Кто же он? Один из барской дворни, которая разбежалась во время нападения, покинув своего господина? Ганька знал, что между крестьянами и дворовыми всегда была вражда. Первые полагали вторых лизоблюдами и подхалимами, а вторые тщились подражать господам и числили деревенских жителей сущими хамами, даром что среди этого хамья полным-полно было их ближайшей родни. Вся, вся дворня, за исключением некоторых сенных девок — например, той Лушки, которую атаман сегодня прищучил в запечье, — унесла из поместья ноги, но, может, кто-то сыскался похрабрей прочих и остался? Спрятался в каком-то тайнике до поры до времени, а потом вот здесь вышел… Но где он в тот тайник зашел?
Ганька знал, что баре побогаче любили строить дома с причудами. Как-то раз выпало ему со товарищи поозоровать в одном таком доме. Не смогли только пробраться в потайную комнату, где, по достоверным слухам, хранились баснословные сокровища, пришлось ноги уносить, потому что господам помощь воинской команды подоспела. С тех пор Ганька к слухам о потайных ходах и комнатах относился с доверием и уважением.
Он снял со стены фонарь со вставленным туда свечным огарком, вынул из кармана кремень и кресало, которые всегда носил при себе, потому что самогарные спички в те времена были удивительной господской игрушкой, доступной далеко не всем, зажег фитиль и наполовину всунулся в дыру вместе с фонарем. И очутился словно бы в тесной длинной бочке, а может, в трубе. Можно ли по ней пролезть?
– Ну, если ты пролез, я тоже пролезу, — заносчиво сказал Ганька своему неведомому сопернику.
А лезть в каком направлении? Труба уходила и вправо, и влево.
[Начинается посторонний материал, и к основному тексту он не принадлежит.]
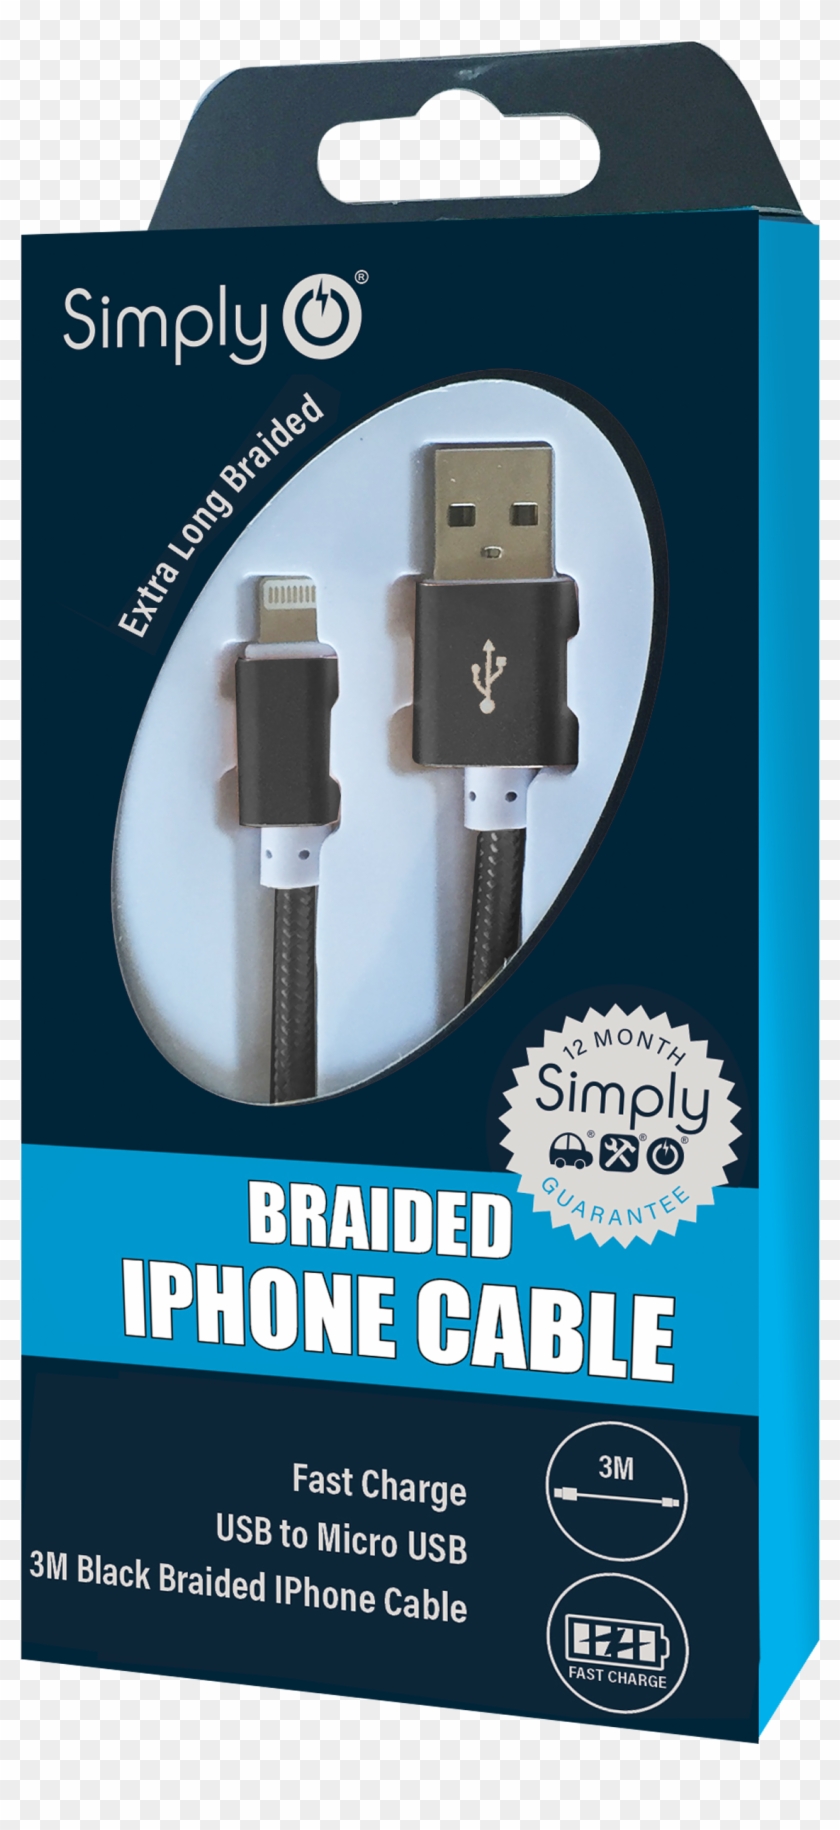 Braided Iphone Cable - Braid Clipart #5900969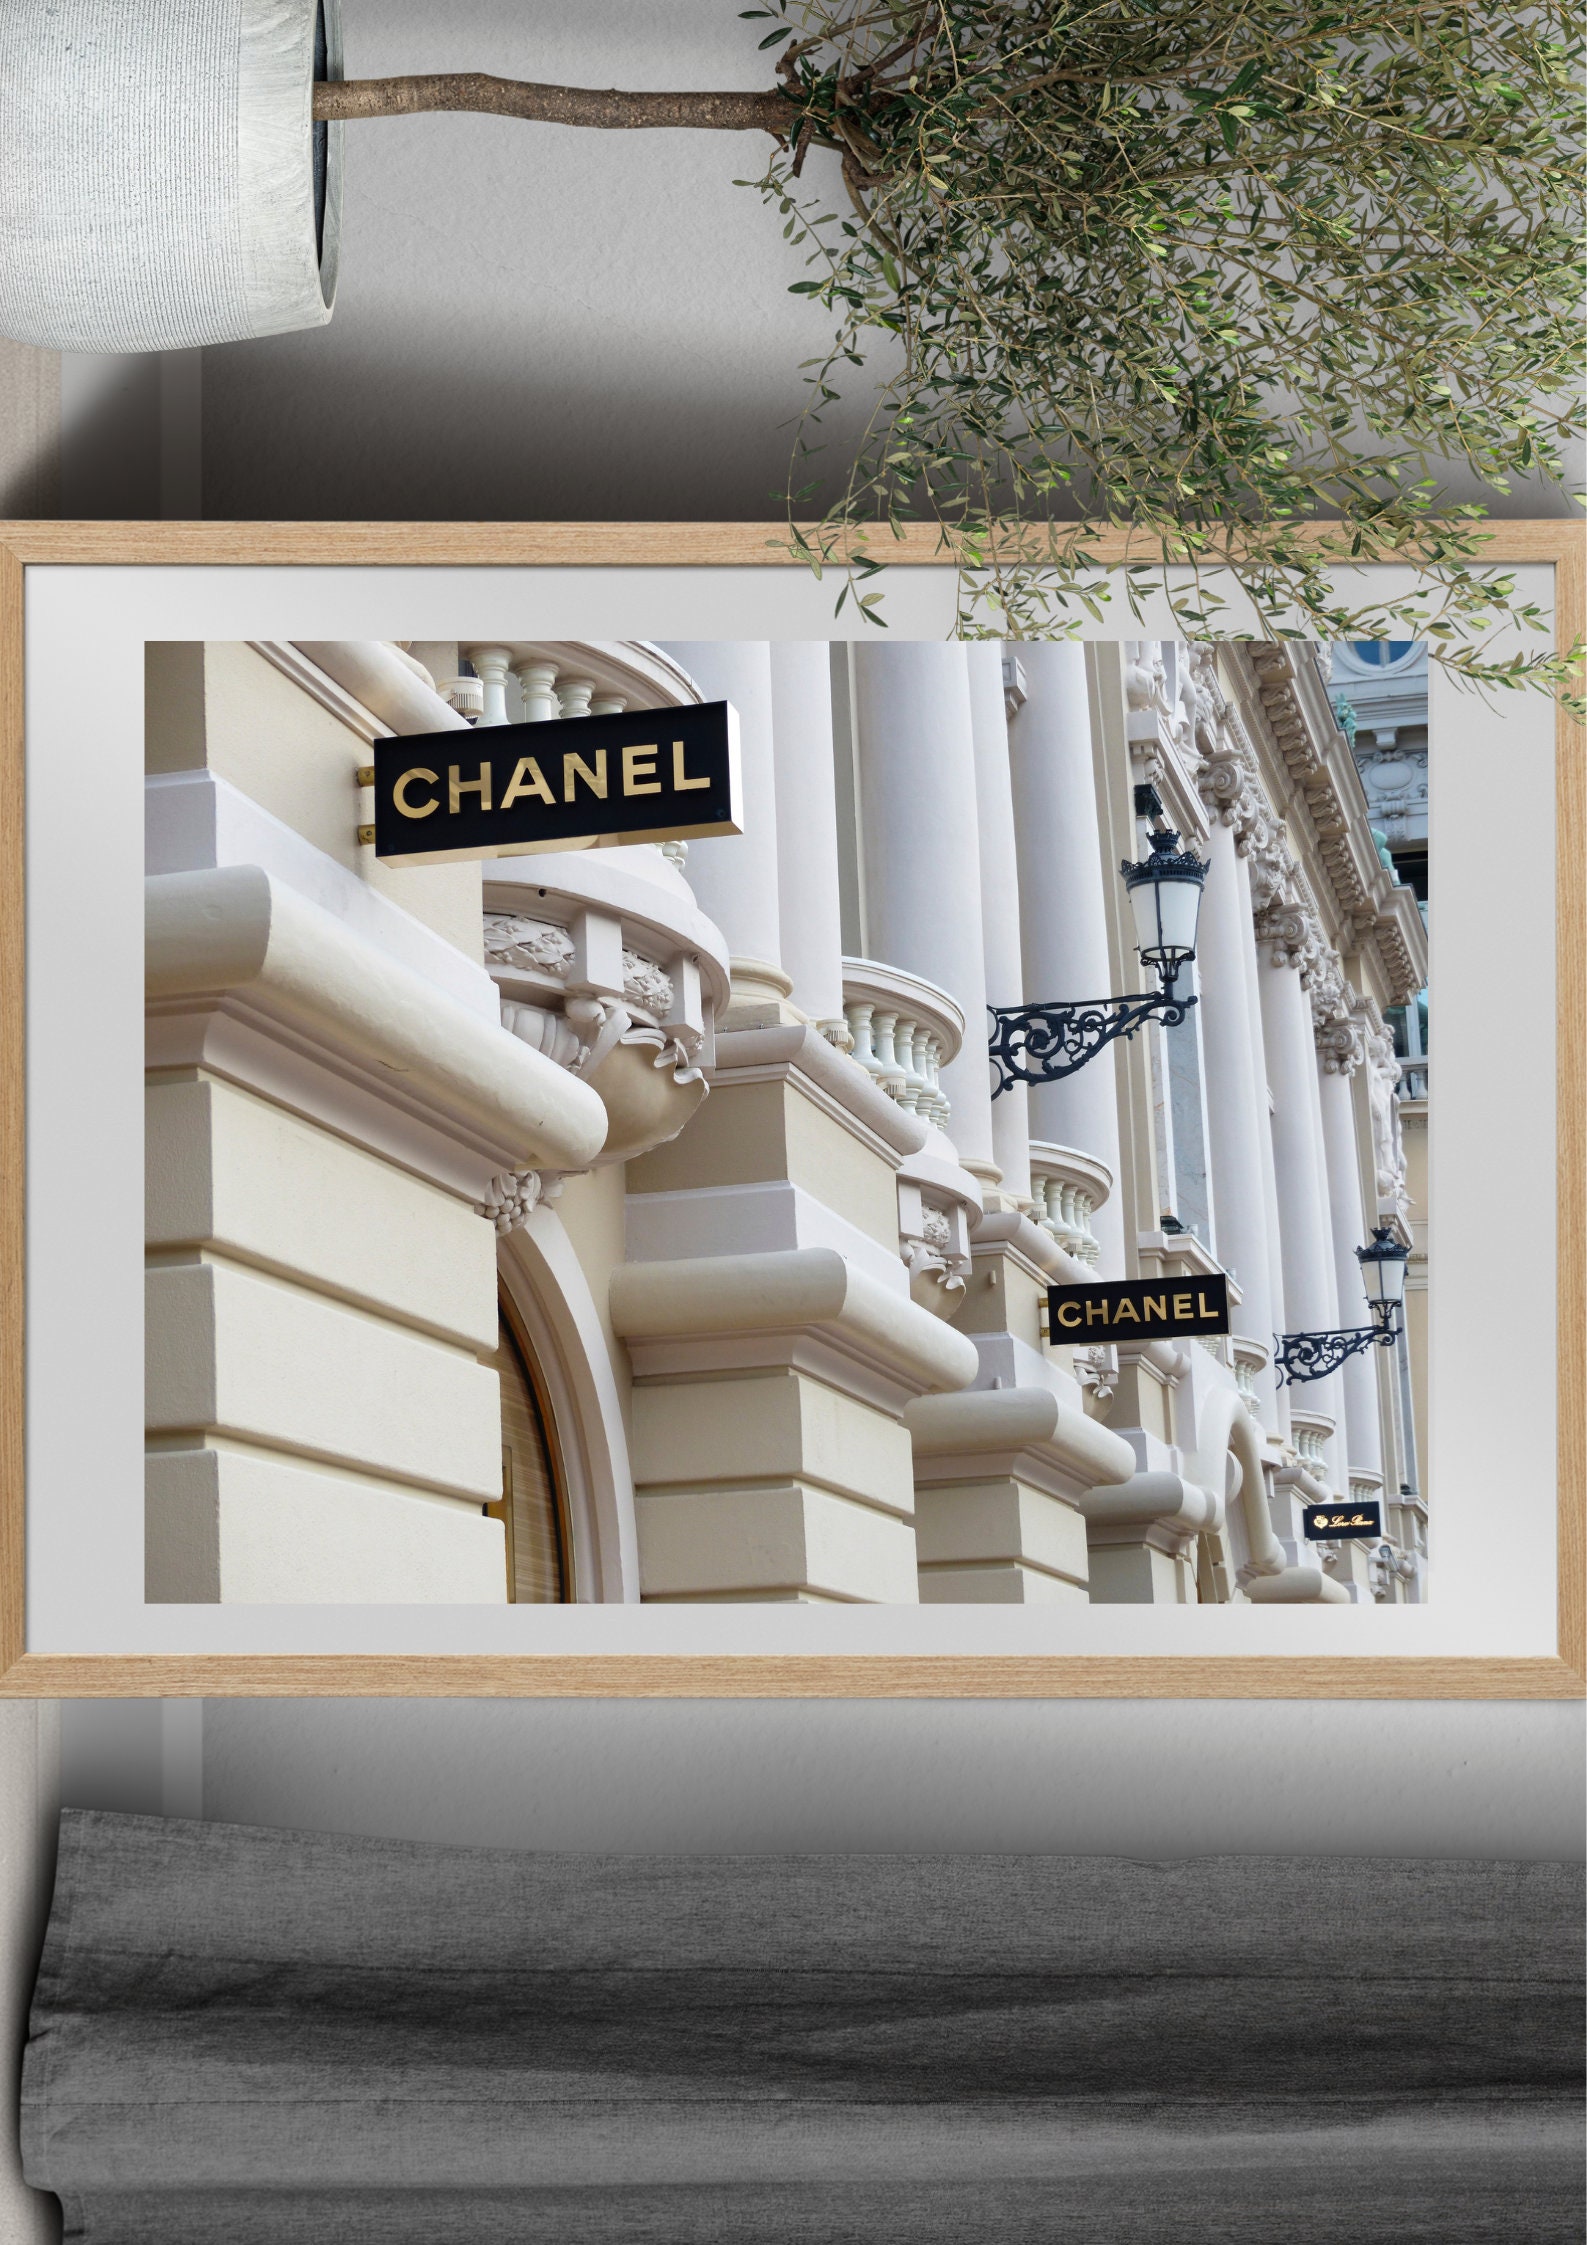 Chanel Shop Poster 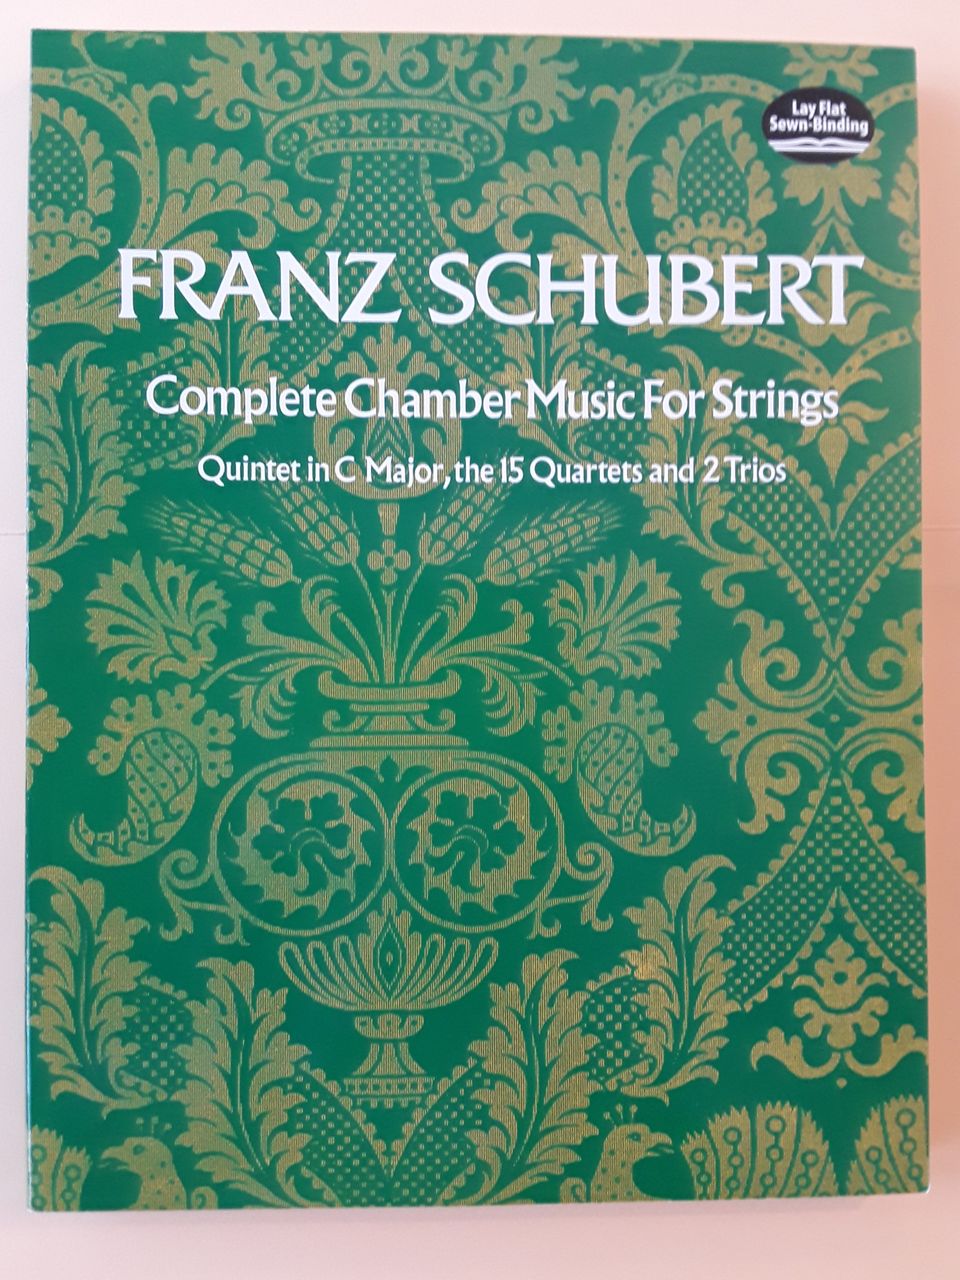 Nuotti: Schubert: Complete chamber music for strings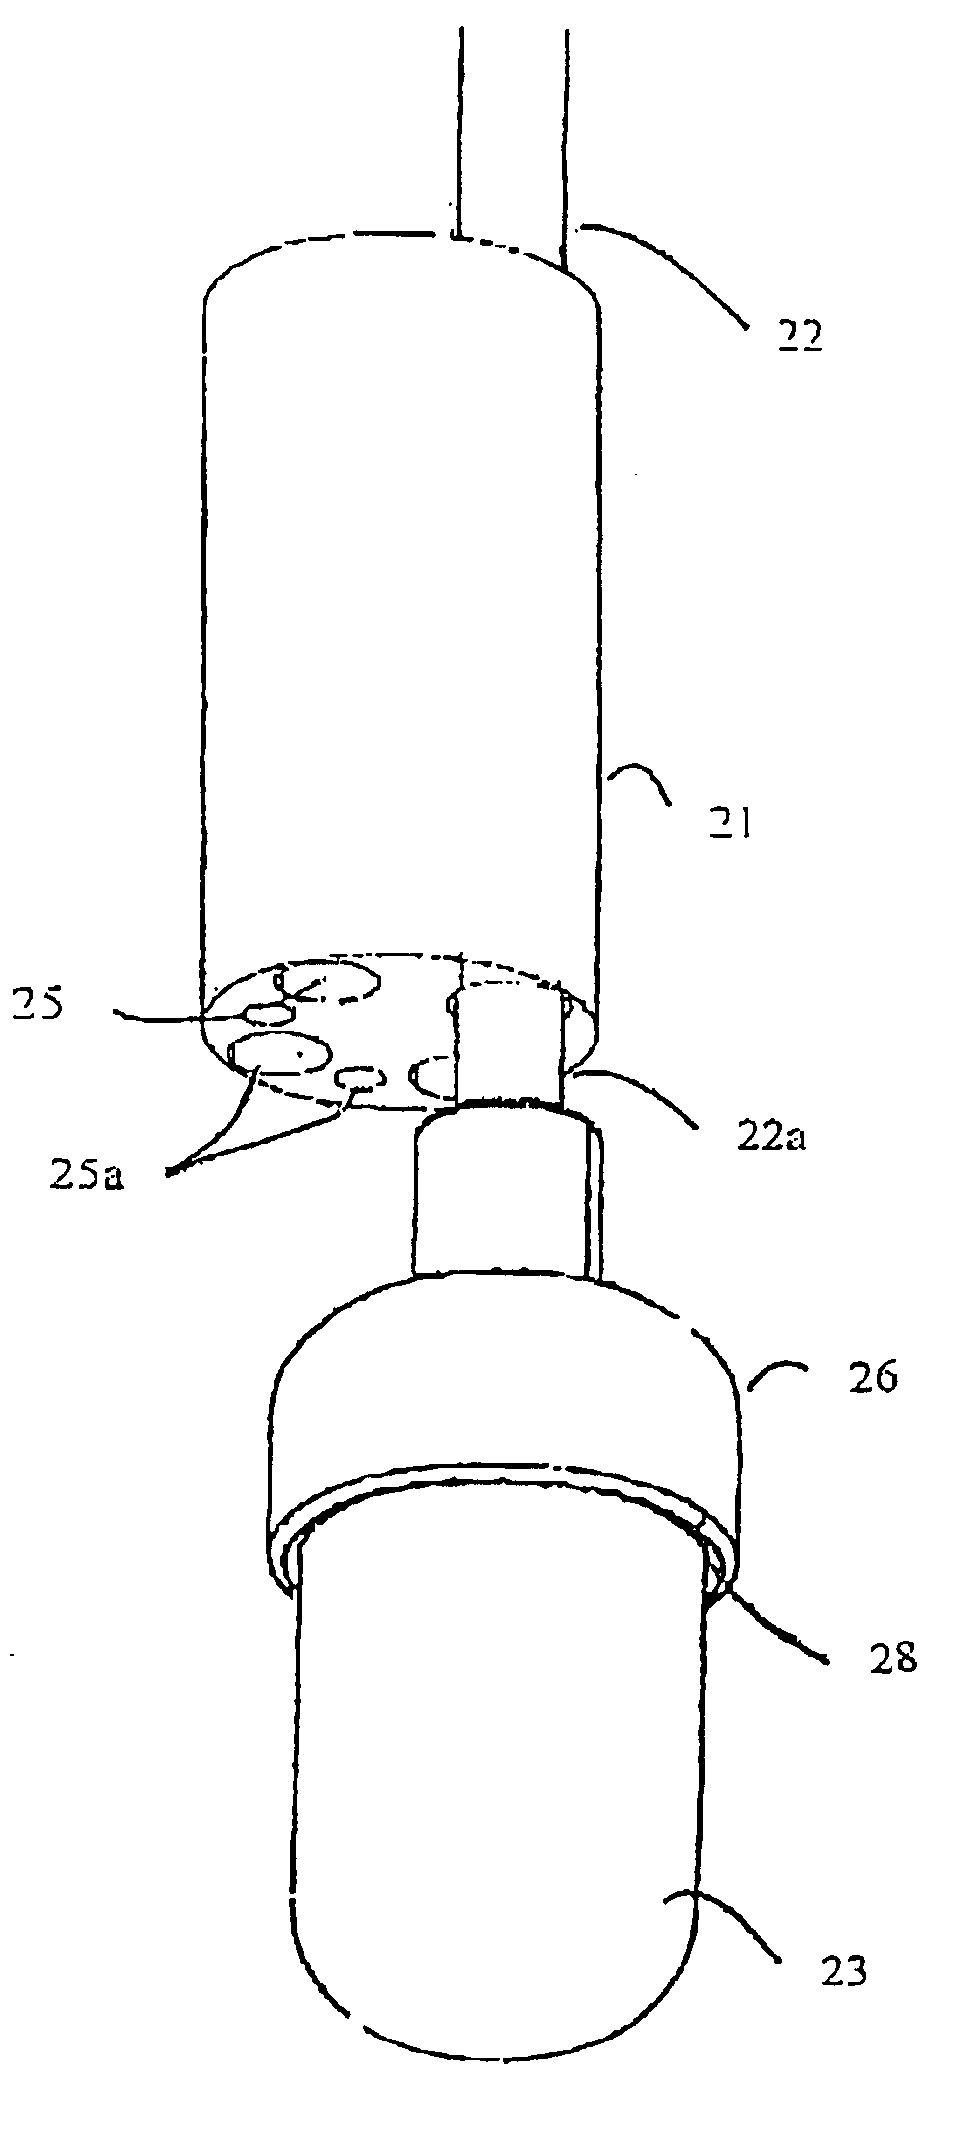 Device and method for positioning an object in a body lumen

Ганька решил положиться на удачу. Коли начала ему судьба подсказки подкидывать, авось и продолжит.
Он рассудил, что фонарь в пути будет только мешать, вынул из него огарок, потушил и сунул за пазуху вместе с кремнем и кресалом: отсюда в случае чего удобней будет доставать, чем из порточного кармана.
Сначала он пополз направо, потом ощутил, что труба как бы поднимается вверх. Ползти туда, ни за что не цепляясь, было трудно. Он все же не таракан. Не лучше ли попробовать по левому рукаву двинуться?
Ну что ж, возвращаться приходилось ногами вперед. Ганька подумал, что похож на покойника, который сам себя на кладбище тащит, и ухмыльнулся. Кабы знал, что не первый он, кому этот способ передвижения подобные мысли навеял, может, не стал бы усмехаться.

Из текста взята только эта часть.